A significant amount of time was devoted to training panelists to the task which was felt by staff
as extremely important to ensure a common understanding of what we expected of them before
they engaged in the actual bookmarking exercise. Ninety- four percent of panelists thought that
exercise was appropriate, 6% thought that it was somewhat appropriate, and none thought it was
not appropriate. All participants thought that the training provided for the bookmark method was
either good (12%), very good (18%) or excellent (71%).
Among the facto" that influenced participants the most when they engaged in the Bookmark
method were their perception of the level of difficulty of the items (94%), the description of the
minimally competent candidate (88%), the item statistics provided in round 2 (76%), and the
knowledge and skills measured by the items (76%). Among the factors that had the least
influence on their bookmarking exercise were the quality of the item distractors (12%) and the
number of answer choices per item (18%).
Participants were asked about their level of understanding of how to apply the bookmark and
Hofstee methods during round 1. For the bookmark method, 16 out of 17 participants said that

they either understood (29%) or understood very well (65%) this process while one participant
reported that they understood “somewhat”. For the Hofstee method, 1 participant (6%) said that
they understood somewhat, 5 participants said that they understood (29%), 11 participants (65%)
said that they understood very well, while none of the participants reported not understanding the
method “at all”.
Participants were also asked about their level of confidence regarding the consequential/
feedback data and the final discussion. Two participants (12%) felt somewhat confident, 6
participants (35%) felt confident, 9 participants (53%) felt very confident, whereas none of the
participants felt that they were not at all confident.
One of the significant outcomes desired following a standard setting exercise is a standard that
participants would recommend with a very high level of confidence. As part of the survey,
participants were asked about the level of confidence in the final recommended passing score.
One participant felt somewhat confident while the large majority reported being confident (18%)
or very confident (76%) about the recommended cut score value.
Finally, participants were surveyed on potential improvements to consider for further standard
setting exercises.
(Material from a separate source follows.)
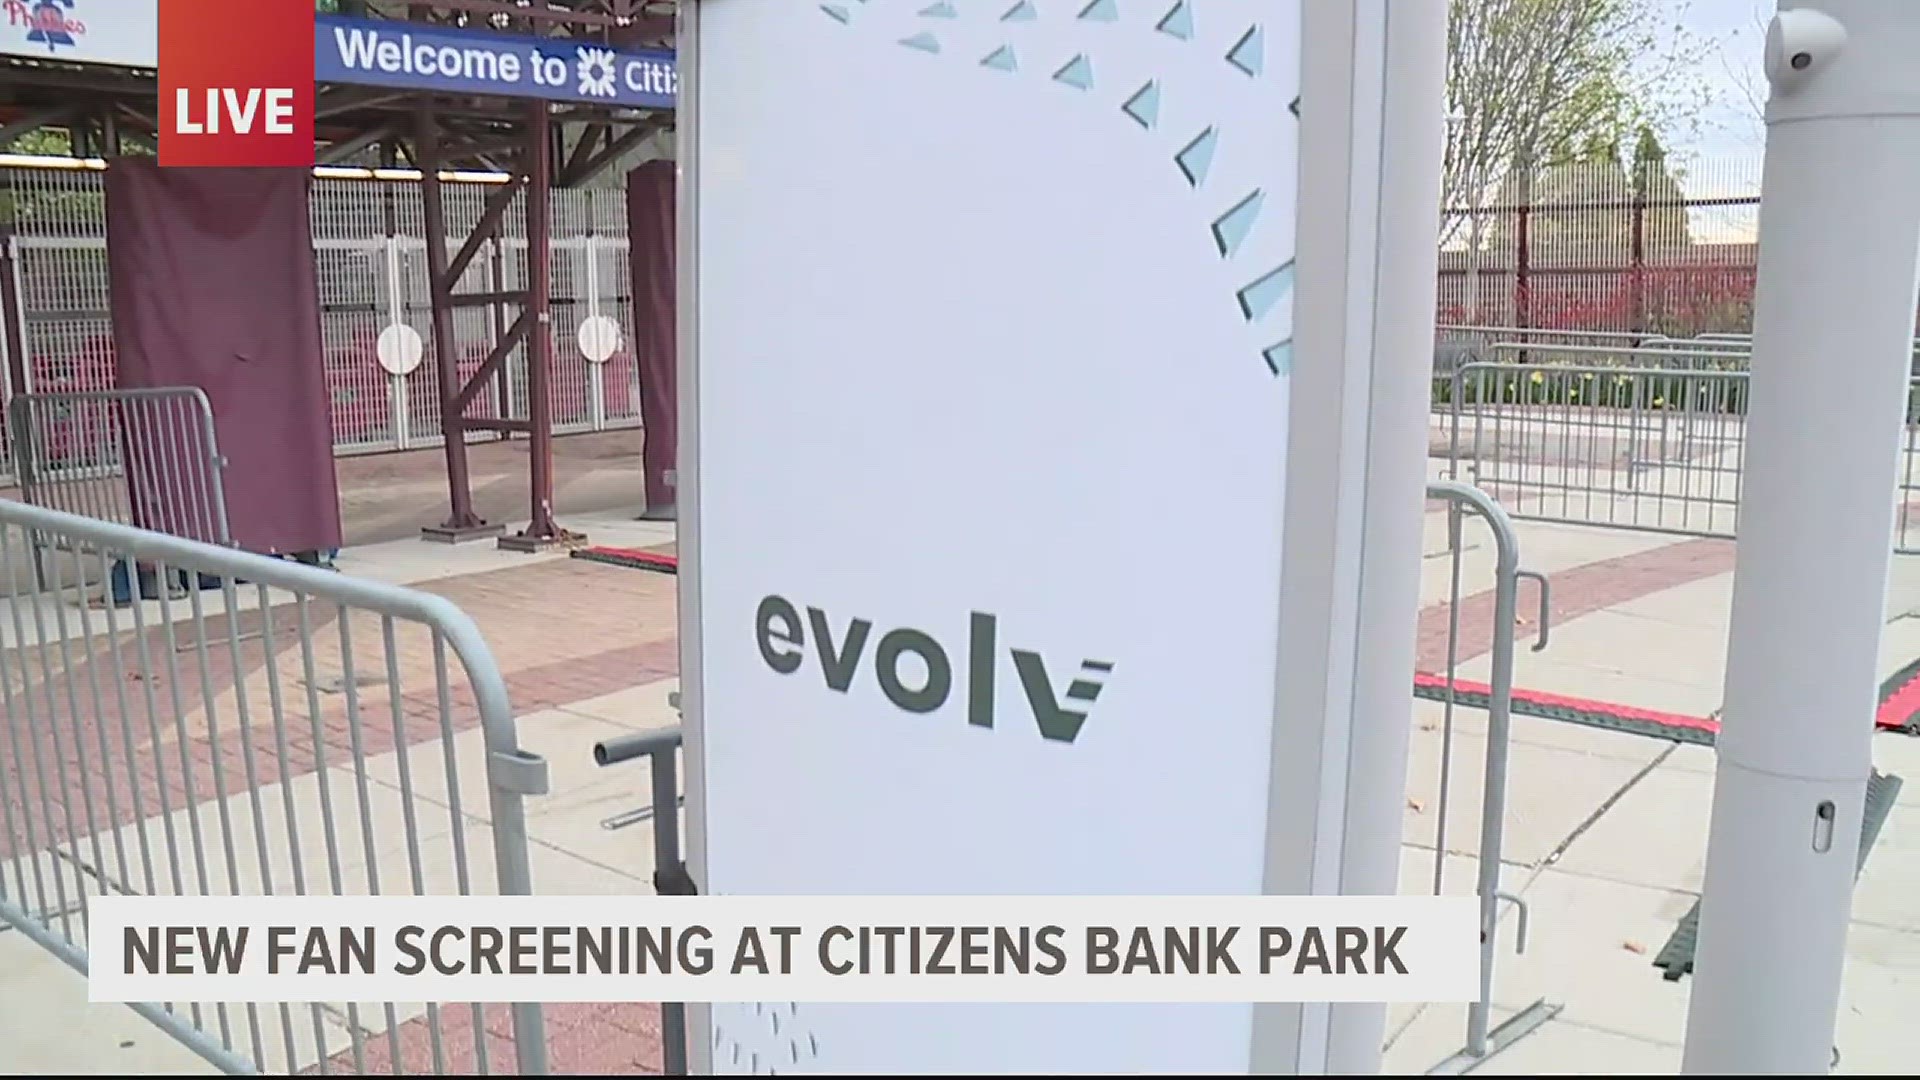 The team is using Evolv technology to allow fans to be screened while entering Citizens Bank Park without having to empty their pockets or bags.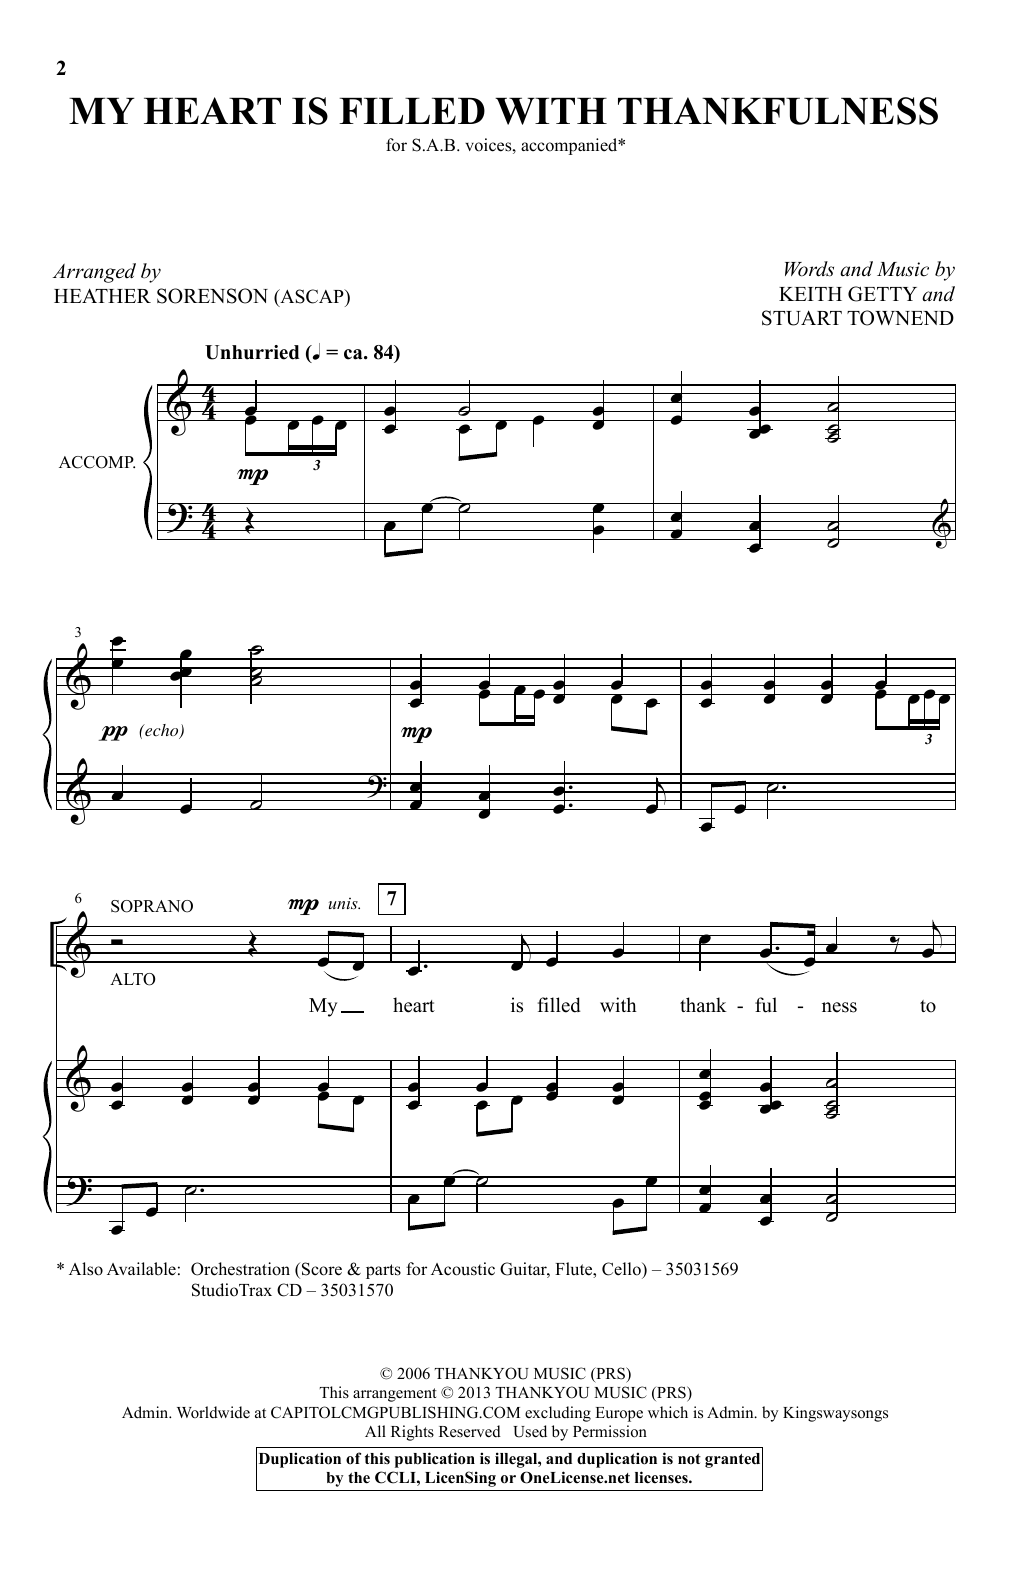 Download Heather Sorenson My Heart Is Filled With Thankfulness Sheet Music

Among the suggestions for improvement were comments about providing
impact data after the practice bookmark method as well as each panelist’s bookmark placement.
Also, one participant suggested providing failure rates for each panelist’s bookmark following the
practice bookmark method. A few participants felt that there were no improvements to be made.
Concluding Remarks
The main goal of this report was to outline the main activities that constituted the standard setting
exercise for the MCCQE Part I. In summary, two panels were gathered for the purpose of
establishing and recommending a cut score by participating in a 2- day session during which they
were trained in the Bookmark and Hofstee standard setting methods. A significant amount of time
was spent defining the target population and training of panelists on various critical aspects of the
exercise. Two panels established highly comparable cut scores as demonstrated by the overlap
of their respective confidence interval using the standard error of judgment. A high level of
confidence in the recommended cut score was expressed by a majority of participants. Several
staff from Psychometrics and Assessment Services and the Evaluation Bureau participated in
making this a successful session. Finally, a comprehensive description of all the activities and the
resulting cut score as well as impact data for both the spring 2014 and 2015 cohorts were
presented to the CEC on June 8, 2015 for their discussion and consideration. The CEC
unanimously accepted the recommended cut score of -0.22 (427 on the 3-digit MCCQE Part I
reporting scale) at this meeting.

REFERENCES
Cizek, G. J. and Bunch, M. B. (2007). Standard Setting: A Guide to Establishing and Evaluating
Performance Standards on Tests (55-189). Thousand Oaks, CA: Sage.
De Champlain, A. F. (2014). Standard setting methods in medical education. In T. Swanwick

(Ed.). Understanding Medical Education: Evidence, Theory and Practice. (305-316). Chichester,
West Sussex: John Wiley & Sons, Ltd.
De Champlain, A. F. (2004). Ensuring that the competent are truly competent: An overview of
common methods and procedures used to set standards on high-stakes examinations. Journal
of Veterinary Medical Education, 31, 61-5.
Hofstee, W. K. B. (1983). The case for compromise in educational selection and grading. In S. B.
Anderson and J. S. Helmick (Eds.). On educational testing (109-127). San Francisco: Jossey-
Bass.
Kane, M. (1994). Validating the Performance Standards Associated with Passing Scores. In
Review of Educational Research. Fall 1994 64 (3), 425-461.
Kane, M. (1998). Choosing Between Examinee-Centered and Test-Centered Standard-Setting

Methods, Educational Assessment, 5 (3), 129-145.
Masters, G.N. (1982). A Rasch model for partial credit scoring. Psychometrika, 47, 149- 174.
Rasch, G. (1960/1980). Probabilistic models for some intelligence and attainment tests.
(Copenhagen, Danish Institute for Educational Research), expanded edition (1980) with foreword
and afterword by B.D. Wright. Chicago: The University of Chicago Press
Wright, B. D. and Stone, M. H. (1979). Best Test Design: Rasch Measurement.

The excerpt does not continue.